Contents
A fuller account of the January Bulletin 50 years ago is available in the February 2008 edition of MeteoWorld on the Web.
The contents of the January 1958 Bulletin covered the International Geophysical Year Meteorological Data Centre at work, meteorology and crop protection and the presidential address at the second session of the Commission for Aerology entitled “The conquest of the third dimension”. The ninth session of the Executive Committee, the second session of the Commission for Bibliography and Publications and a seminar on hydrological forecasting and the water balance were also reported on.
The IGY Meteorological Data Centre at work
… the IGY Meteorological Data Centre (MDC) … was set up in the Secretariat of WMO in Geneva towards the end of 1956. The object of the present article is to describe the work of the MDC, which is in fact unique in the history of meteorology ...
... the MDC is a service set up by WMO for the benefit of research workers. Its success depends not only on the readiness of meteorological services to send their data to the Centre—and this is already assured—but also on there being a sufficient demand for the Centre’s publications. The IGY provides a unique opportunity for meteorological services, universities and research institutes to obtain a truly worldwide set of checked meteorological data in a standard form for a period of 18 months and it must be the hope of all concerned that this opportunity will contribute to solving many of the outstanding problems in meteorology ...

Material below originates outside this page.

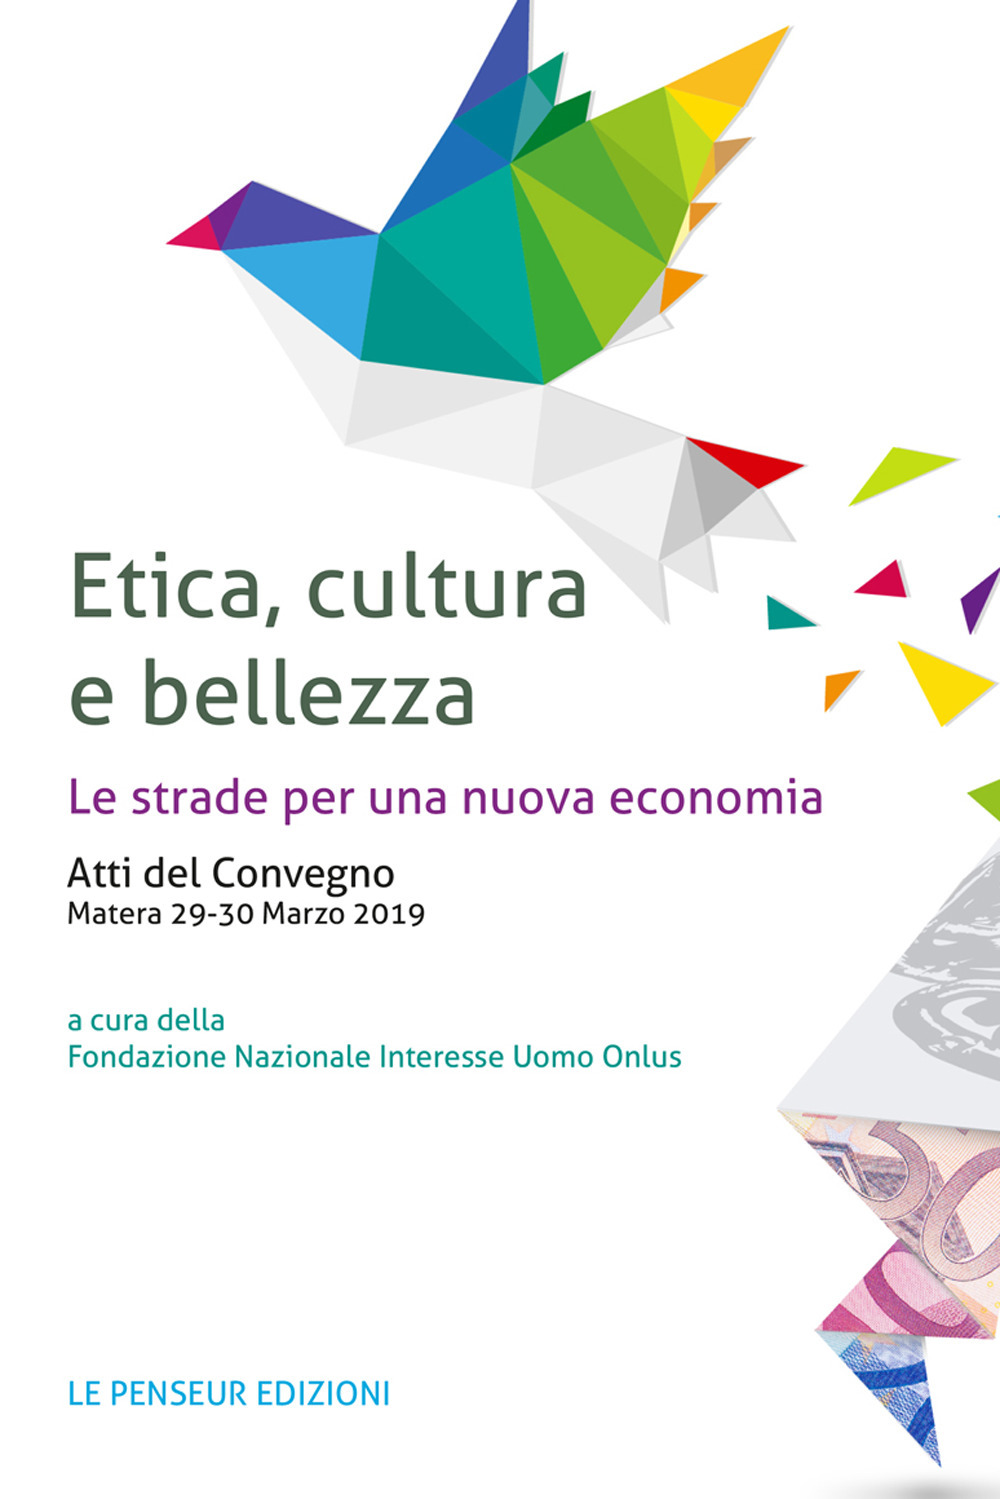 Etica, cultura e bellezza. Le strade per una nuova economia. Atti del Convegno (Matera, 29-30 marzo 2019)
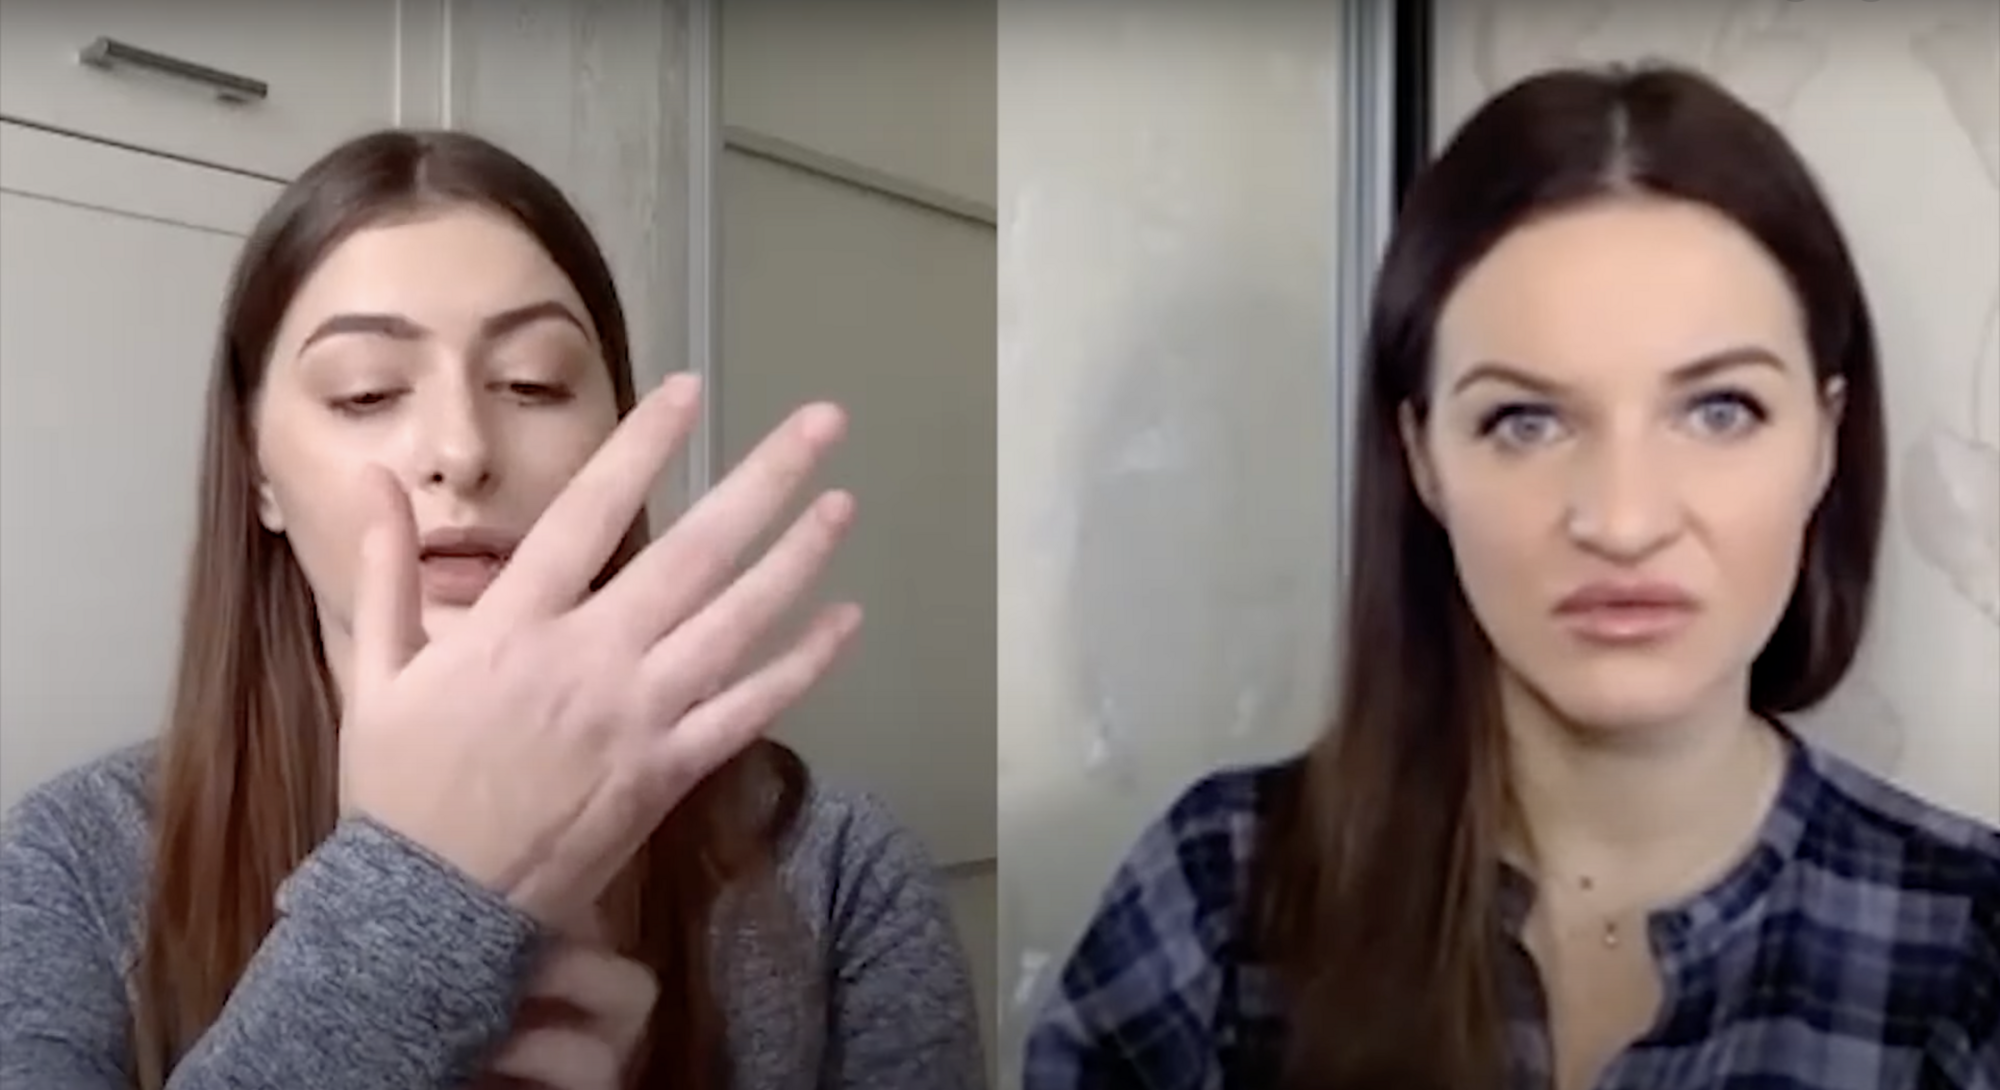 Екатерина Тышкевич впервые показала руку, которую заразили в психбольнице стафилококком, и объяснила, почему не будет подавать в суд

The conquest of the third dimension—Part I
Presidential address at the second session of the Commission for Aerology (Paris, June-July 1957)
Present-day science has so thoroughly altered the world, technology has achieved such remarkable advances during these past few years, discoveries have followed on another at such a rapid rate, that it is sometimes wise to step aside from the disorderly road of progress and glance backward in order to measure the distance covered, consider recent developments and put our ideas in order. In this manner, we perceive, among other things, that the fundamental problems that arise are nearly always the same and that those that we imagined were new are most frequently old problems for which the ever-increasing possibilities of modern technique afford unexpected solutions ...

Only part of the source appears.